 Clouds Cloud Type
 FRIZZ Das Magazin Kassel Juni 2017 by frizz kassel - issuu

* * *

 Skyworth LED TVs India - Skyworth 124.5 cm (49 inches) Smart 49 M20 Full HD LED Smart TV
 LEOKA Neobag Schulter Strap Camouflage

▶ Problem statement: Give back exactly the lines of the listing above that run from the line with "Skyworth LED TVs" to the line with "LEOKA Neobag Schulter Strap Camouflage", inclusive.

▶ Response:
 Skyworth LED TVs India - Skyworth 124.5 cm (49 inches) Smart 49 M20 Full HD LED Smart TV
 LEOKA Neobag Schulter Strap Camouflage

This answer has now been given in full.